Our trade and investment sectors also require reforms. However, there is little in the budget that addresses increasing trade capacity or reforming the investment climate.
For instance, to encourage companies to get listed on the capital market, the difference in tax rates between listed and non-listed companies has been increased by raising the tax rate for non-listed companies. Now, the intention behind this is good — that more companies should enter the capital market. But in doing so, we have increased the tax rate for non-listed companies, which was already 25% — a high rate by South Asian or Asian standards — by an additional 2.5%.
I believe instead of doing that, if the rate for non-listed companies was brought down to 24%, and the rate for listed companies reduced further from 20%, we could have maintained a larger differential in a more beneficial way. Currently, while we have around 300 listed companies, there are over a hundred thousand non-listed companies and several more lakh partnerships or small businesses — most of whom will now face an increased tax burden. So, in terms of the investment environment, I think more could have been done.
There are also several other reforms — such as in education, health, and institutional capacity building — that needed greater attention. Constitutional reforms, or reforms in the civil service or security sectors, are long-term issues, as they are complex and require political consensus. But on matters like health, education, trade, investment, and institutional capacity, there is already national consensus. No one would oppose starting reforms in these areas. The relevant commissions have also submitted their reports by January.

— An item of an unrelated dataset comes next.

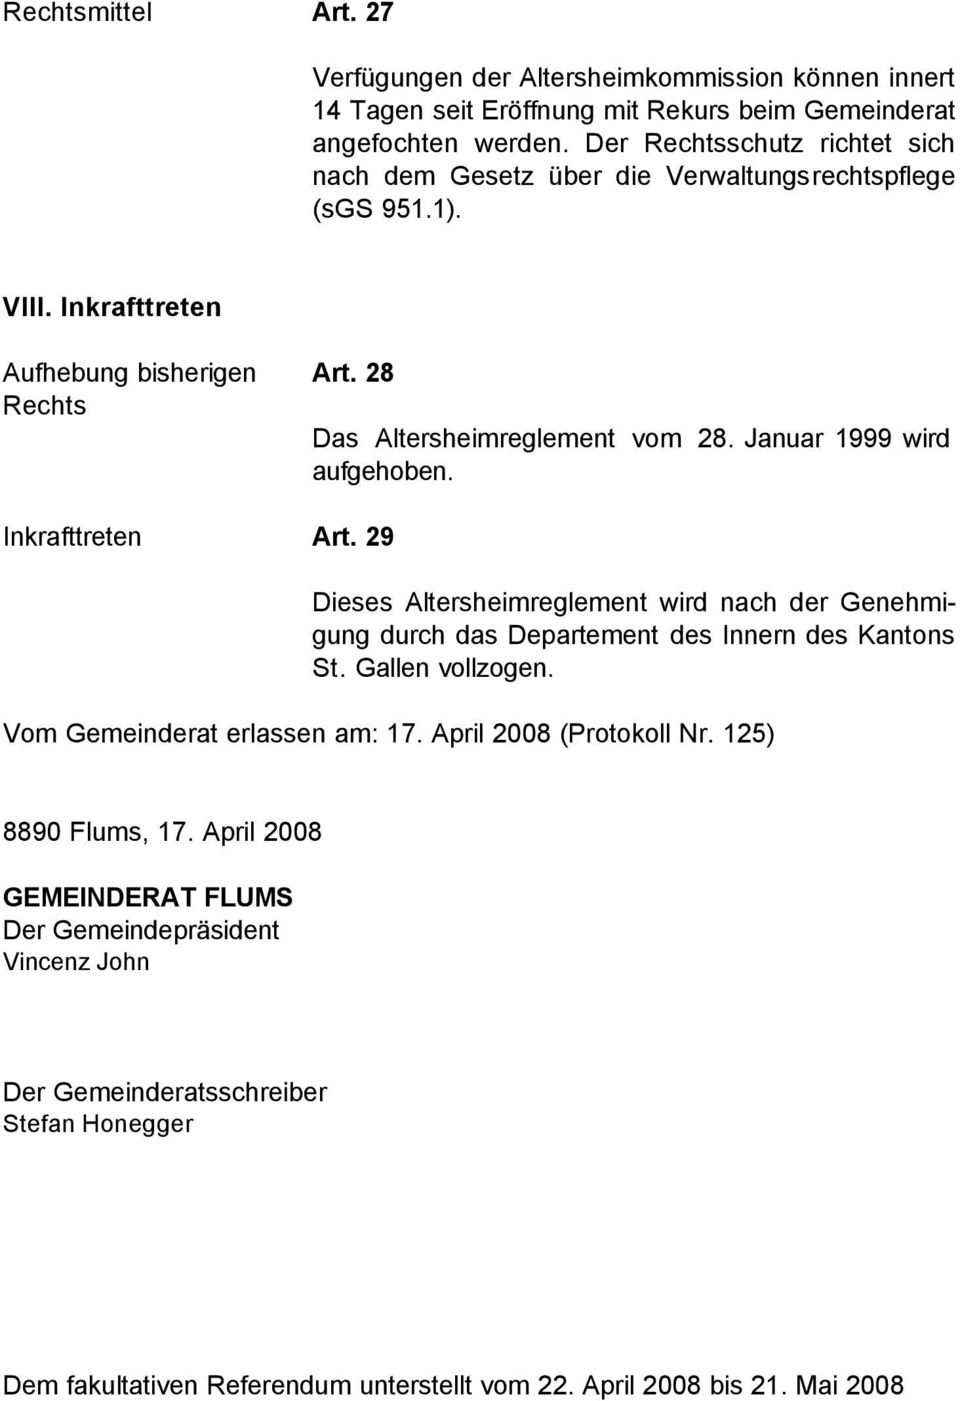 Januar 1999 wird aufgehoben. Inkrafttreten Art. 29 Dieses Altersheimreglement wird nach der Genehmigung durch das Departement des Innern des Kantons St. Gallen vollzogen.

Therefore, I believe those reforms should be initiated now. In doing so, the budget could provide confidence and direction through the economic and fiscal statements, and through allocations, it could support the preparation and implementation of those reforms. That is the gap I see at the moment.
In the private sector, there are a few minor gains, but nothing significant. However, in sectors dependent on gas — such as textiles, steel, backward linkages, cement and ceramics — there has been a prolonged gas crisis. To address this, the subsidy for LNG imports has been increased from Tk6,000 crore to Tk9,500 crore. I consider this a good initiative.